Vários trabalhos indicam que genes Lamap (genes da família AP-endonucleases) estariam envolvidos no processo de reparo de lesões oxidativas no DNA. Ainda não se sabe se a interferência na expressão destes genes pode contribuir com a infectividade, virulência ou sobrevivência dos protozoários in vitro e in vivo. O trabalho com leishmânias recombinantes deve ser executado em NB-2.
Medidas de Biossegurança: Além de EPI e EPC, todo o material contendo OGM será embalado e incinerado ao término do trabalho. Todos os trabalhos serão desenvolvidos em capelas de fluxo laminar, desinfetadas antes e após o uso. Placas de Petri e tubos de ensaio serão descartados em recipientes próprios. O trabalho será executado em condições de NB-2.
VIII- Processo n.º 01200.003108/2002-31
Interessado: Faculdade de Ciências Médicas da Universidade Estadual do Rio de Janeiro.
CNPJ: 33.540.014.014/0001-57.
Endereço: Av. Prof.
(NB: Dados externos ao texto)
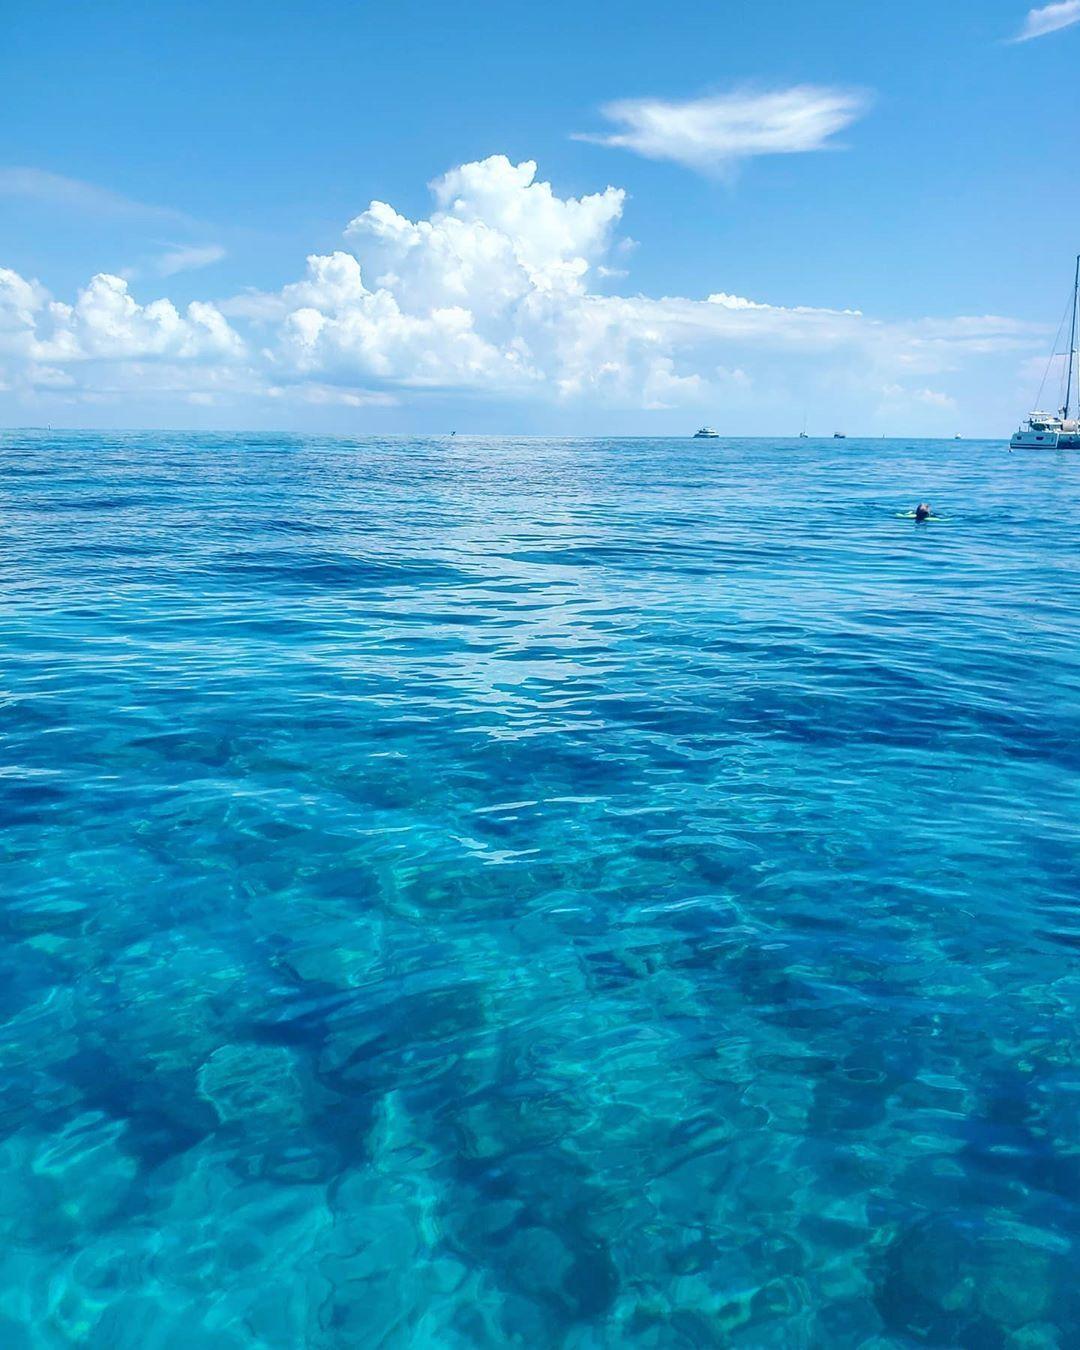 "key West Locals on Instagram: ""Fri-yayyyyyyy! Let the weekend begin!! 🌊🥂 . . . #keywest #ocean #pictureperfect #thelocallifekw #floridakeys"""

Manoel de Abreu 444 ? 2º Andar ? Rio de Janeiro ? RJ ? CEP: 20550-170. Telefone: 21 ? 25876104. Fax: 21 ? 2569.
Assunto: Avaliação de projeto envolvendo OGM do grupo II: ?Aspectos bioquímicos e transdução de sinais do processo de interação entre Leishmania braziliensis e macrófagos: base para o desenvolvimento de um novo protocolo de vacinação?.
Parecer da CTNBio: Favorável. Este projeto visa estudar os aspectos bioquímicos da interação de Leishmania braziliensis com a célula hospedeira, visando identificar genes de enzimas participantes de sistemas de transdução de sinais essenciais para a virulência do parasita. Posteriormente, visa a deleção destes genes, produzindo parasitas atenuados para serem utilizados em vacinação.
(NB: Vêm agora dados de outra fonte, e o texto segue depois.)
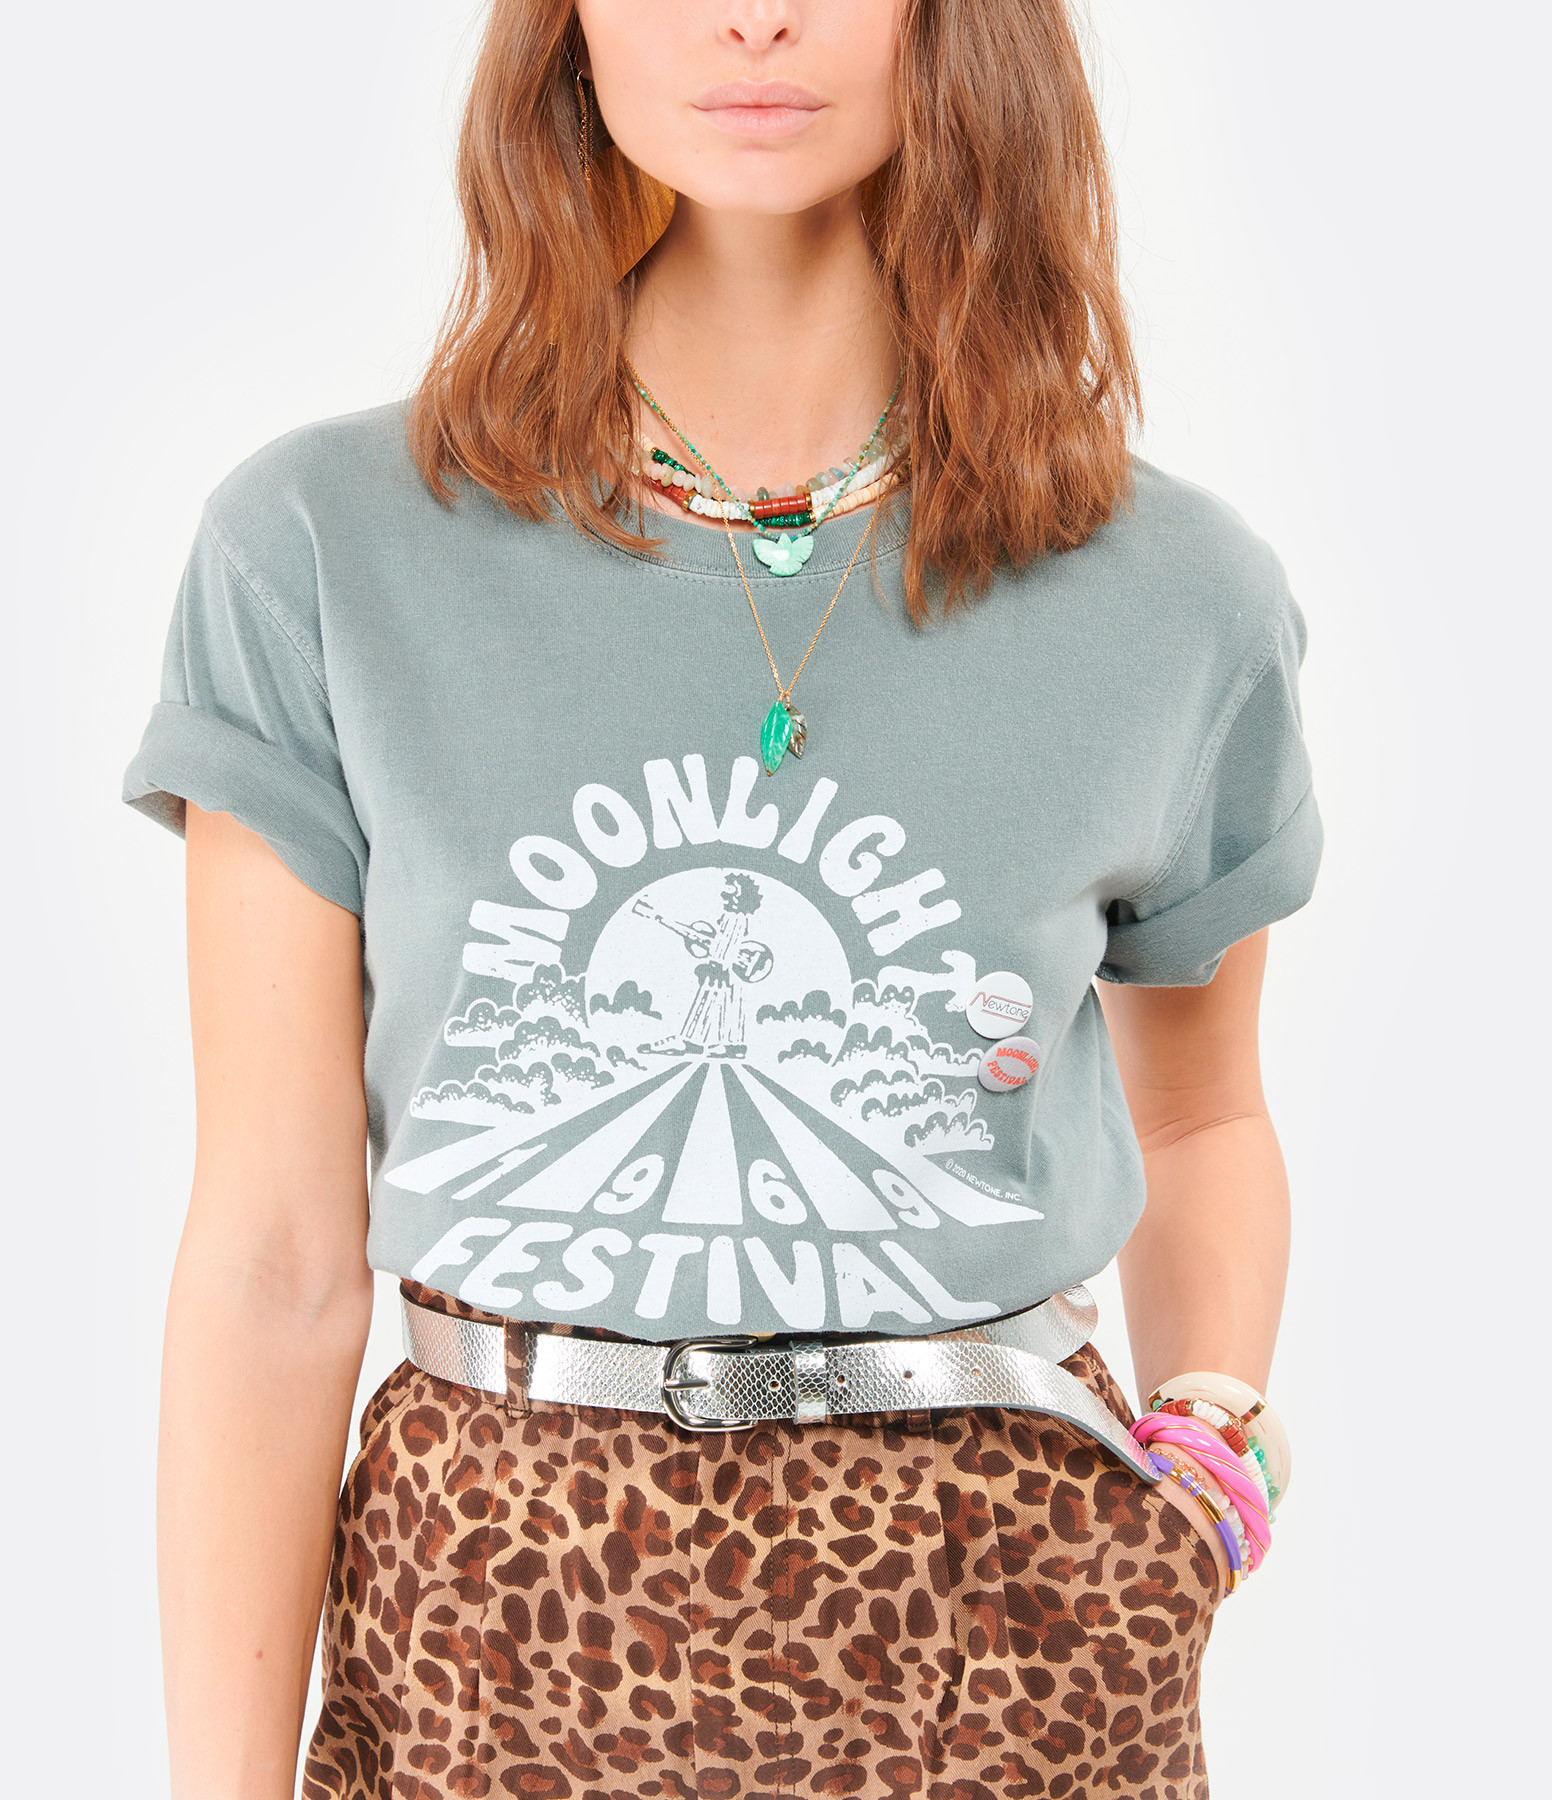 NEWTONE - Tee-shirt Trucker Moonlight Coton Gris

A ligação da Leishmania com o macrófago deve-se a diferentes sistemas receptor-ligante, envolvendo receptores encontrados no macrófago, moléculas de superfície do parasita e fatores derivados do soro. Além disso, o processo de metaciclogênese da Leishmania, no qual o parasita torna-se capaz de infectar o hospedeiro, é essencial na interação Leishmania-macrófago. Este processo é desencadeado através da ativação de sistemas de transdução de sinais, que envolve as proteínas caseína cinase II (CKII) e cinase C (PK C).
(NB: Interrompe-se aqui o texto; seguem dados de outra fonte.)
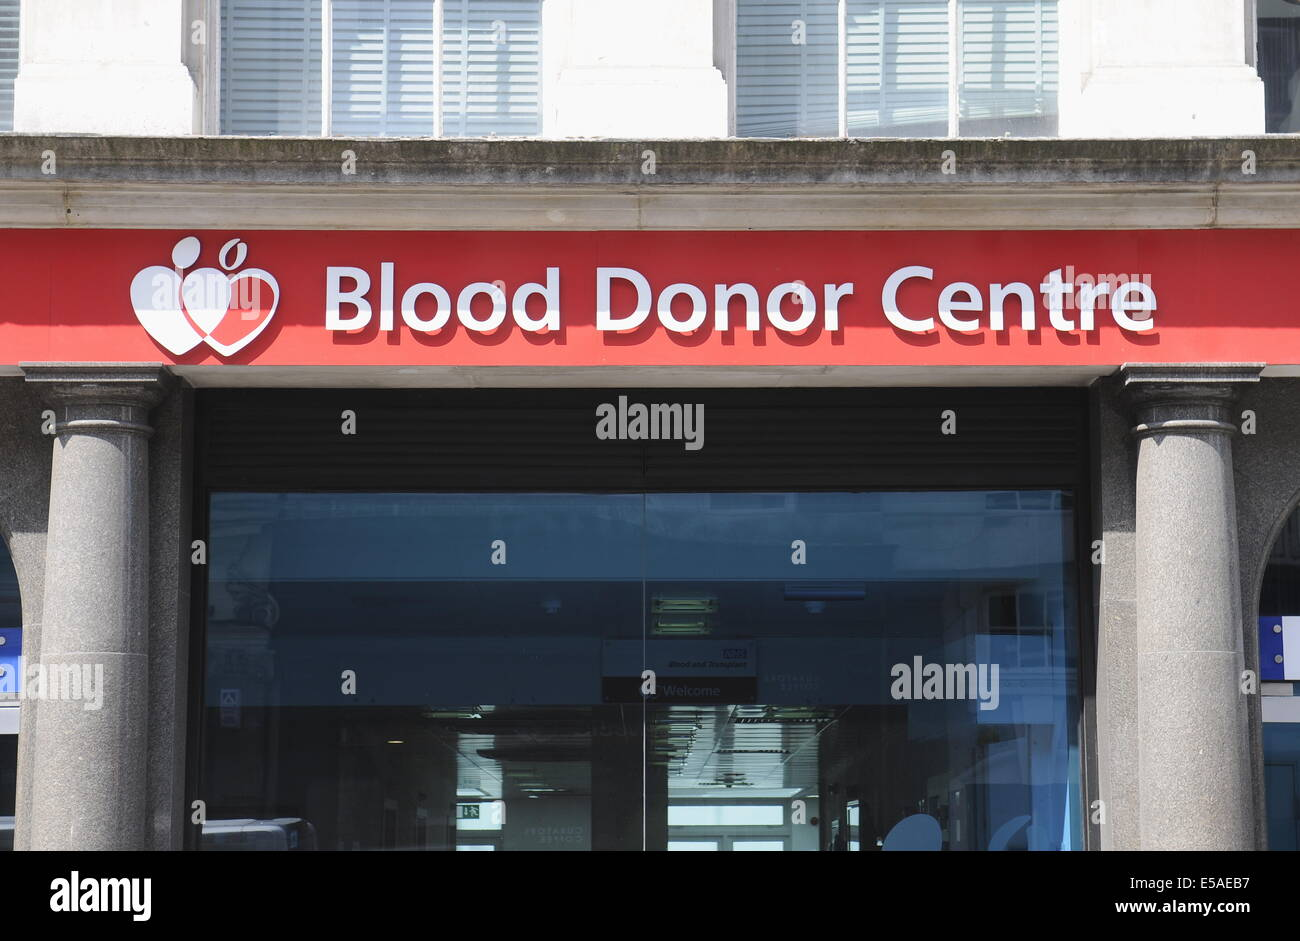 Blood Donor Centre,Margaret Street,London.UK - Stock Image

As seqüências nucleotídicas e protéicas de membros das famílias de proteínas PKC e CK II, serão utilizadas na obtenção de oligonucleotídeos que amplifiquem seqüências similares de L. braziliensis. As seqüências obtidas por amplificação serão clonadas para seqüenciamento e para estudos de expressão gênica. Seqüências genômicas regulatórias obtidas por Southern blotting dos fragmentos de DNA genômico homólogos aos produtos de PCR (PKC e CK II deletados) também serão clonados em vetores comerciais. O trabalho deverá ser conduzido em NB-2.
Medidas de Biossegurança: Além de EPI e EPC, todo o material contendo OGM será embalado e incinerado ao término do trabalho. Todos os trabalhos serão desenvolvidos em capelas de fluxo laminar, desinfetadas antes e após o uso. Placas de Petri e tubos de ensaio serão descartados em recipientes próprios. O trabalho será executado em condições de NB-2.
Informações complementares: Esclarecemos que este comunicado não exime a requerente do pedido de autorização de funcionamento do laboratório aos Ministérios competentes, de acordo com o disposto no artigo 7º, IV da Lei 8.974/95.